McDaniel's uncle, Sen. Mitt Romney, R-Utah, also called out Trump last week for again refusing to condemn QAnon, the far-right group that has alleged conspiracy theories that Trump is facing a global network of evil elites, Democrats, celebrities and their "deep state" bureaucratic counterparts. The FBI has said the group poses a domestic terror threat.

The RNC chairwoman said the president's supporters don't care about a "fringe group" like QAnon when challenged by Stephanopoulos, even though in a nationally televised town hall the president said QAnon followers are "very much against pedophilia" and agreed with the sentiment.

McDaniel also defended the president’s rhetoric after he prompted a "lock her up" rally chant targeting Michigan Gov. Gretchen Whitmer while campaigning Saturday in the state. Whitmer was recently the target of an alleged kidnapping plot.
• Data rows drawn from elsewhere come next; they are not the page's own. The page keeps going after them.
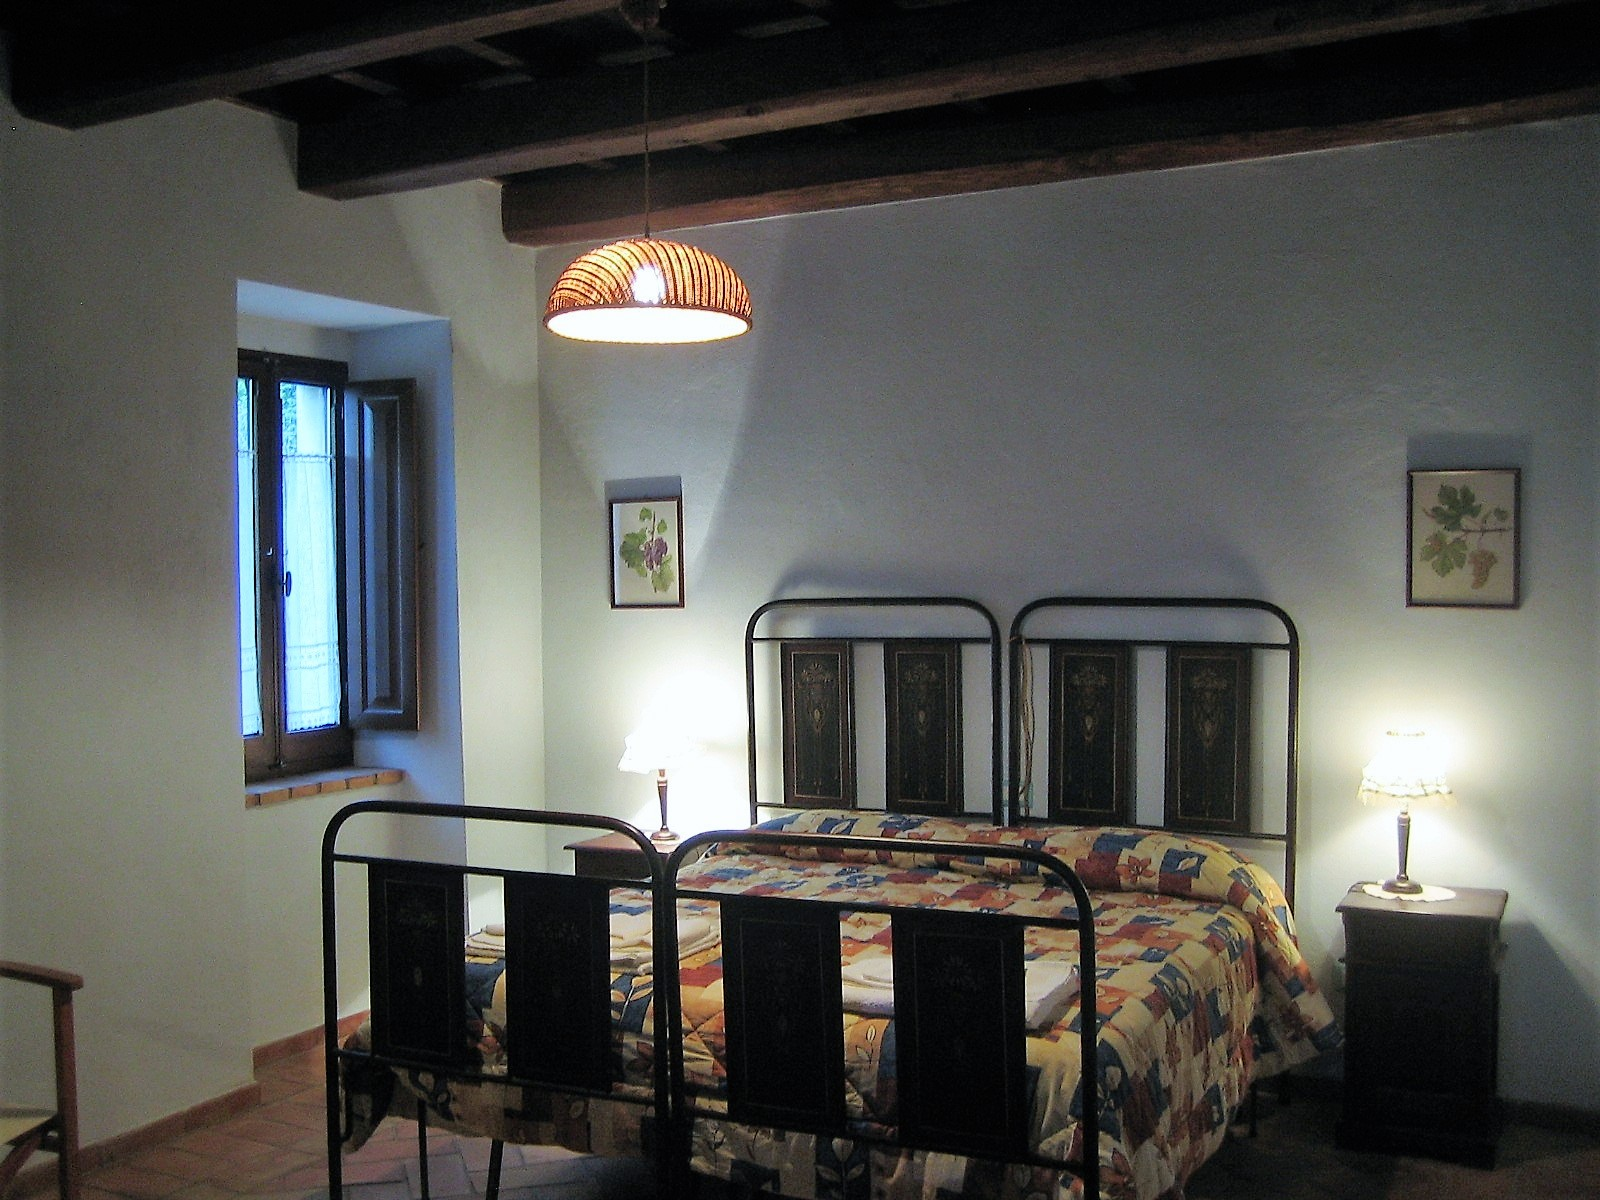 Casolare Casolare in vendita Abbateggio (PE), Casa Selva - Abbateggio - EUR 450.000 90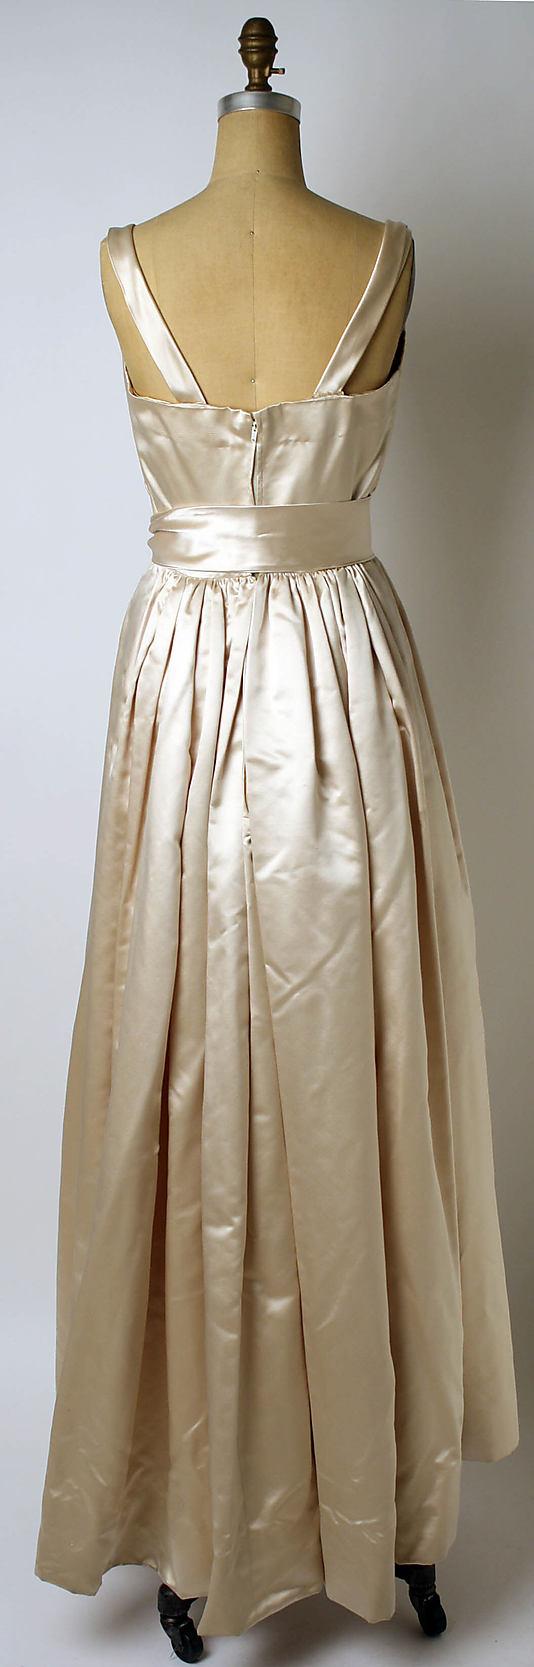 1940 Evening Dresses Dior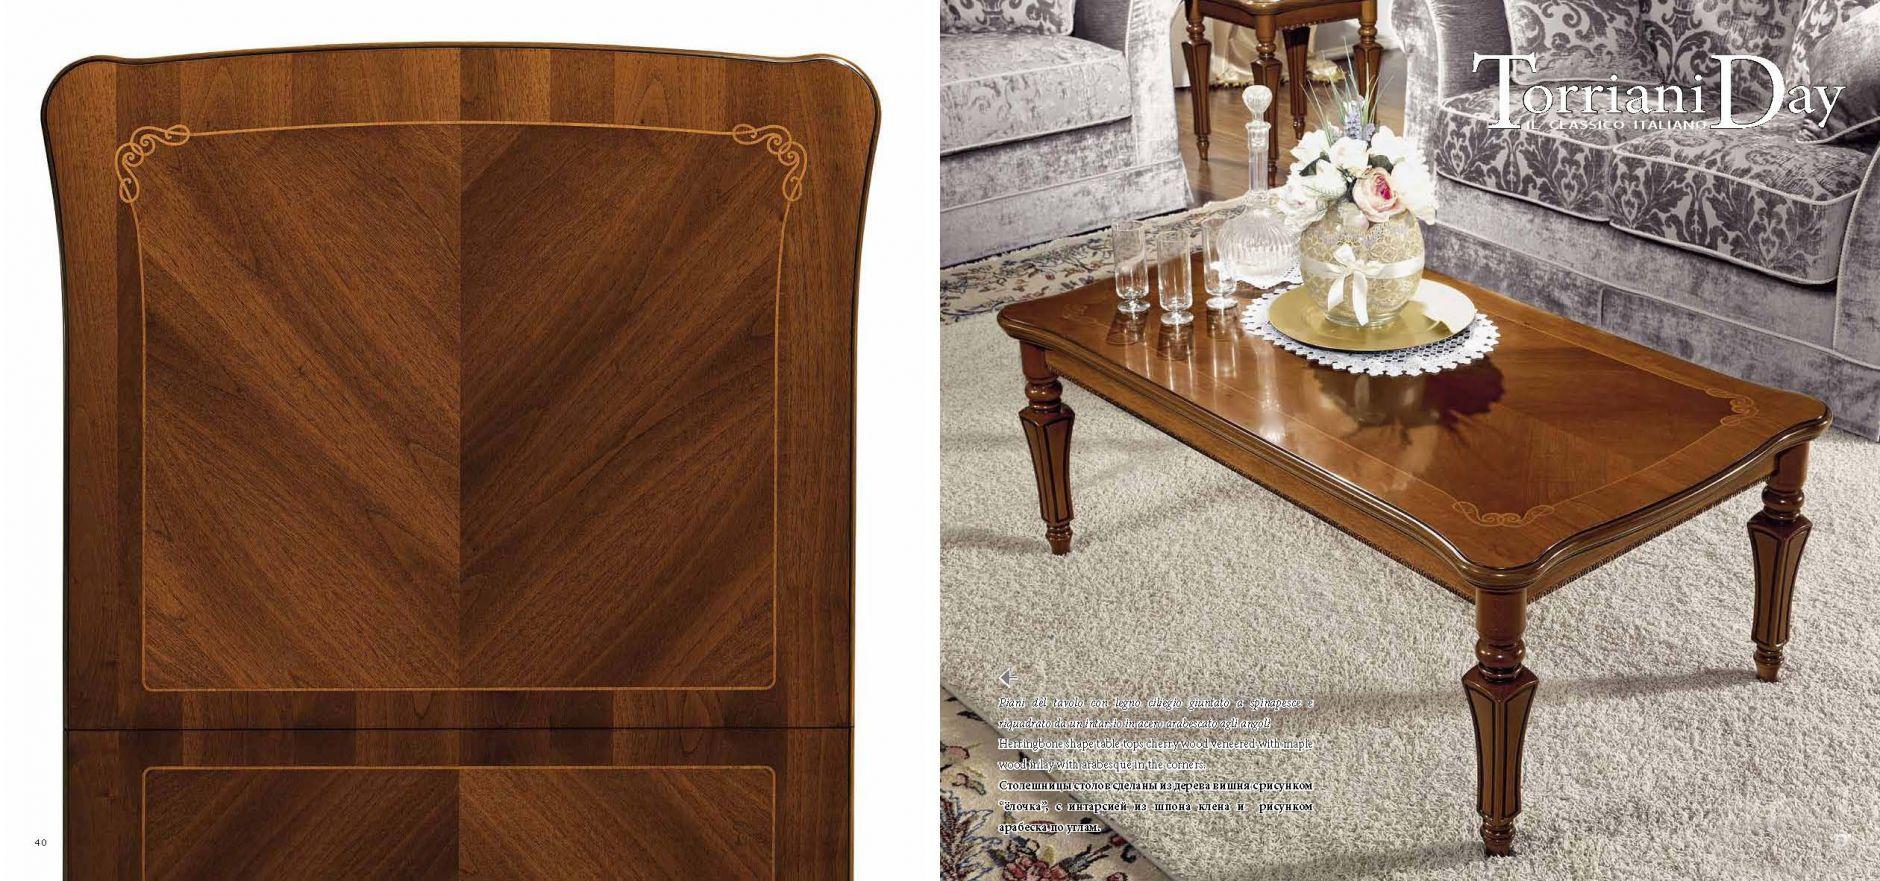 klassische m bel wohnzimmer m bel camelgroup serie tag torriani zusammensetzung 7die m bel aus. Black Bedroom Furniture Sets. Home Design Ideas

At the Michigan rally Saturday, Trump said of Whitmer, "I guess they said she was threatened and she blamed me. You've got to get your governor to open up your state. And get your school's open. The schools' have to be open. Right?"

People in the crowd began applauding and chanting "lock her up."

Trump responded, "Lock 'em all up."

Whitmer later released a statement that said, "This is exactly the kind of rhetoric that has put me, my family and the lives of other government officials in danger."

McDaniel said it was "inappropriate" for Whitmer to blame Trump for putting her in harm's way.

Stephanopoulos continued to challenge McDaniel on the president's statements, saying, “He’s saying ‘lock them all up.”

"First of all, the president and his FBI foiled this plot," the RNC chairwoman said. "I think Gov. Whitmer is really inappropriate to try and lay blame at the president. These were sick individuals, there was no political affiliation. They were attacking the capital, as well. We're glad she's safe, her family is safe."

McDaniel claimed the chant was spurred by the frustration of Michigan residents over being locked down for months by Whitmer's restrictions to fight the coronavirus.

"She has locked us down. Open it up," said McDaniel, who lives in Michigan and recently had a bout with COVID-19.

McDaniel, however, tried to deflect the comments from Whitmer and Pelosi by turning the tables on the Democrats.

"Democrats attack us too," she said, adding that threats against Republicans are also up.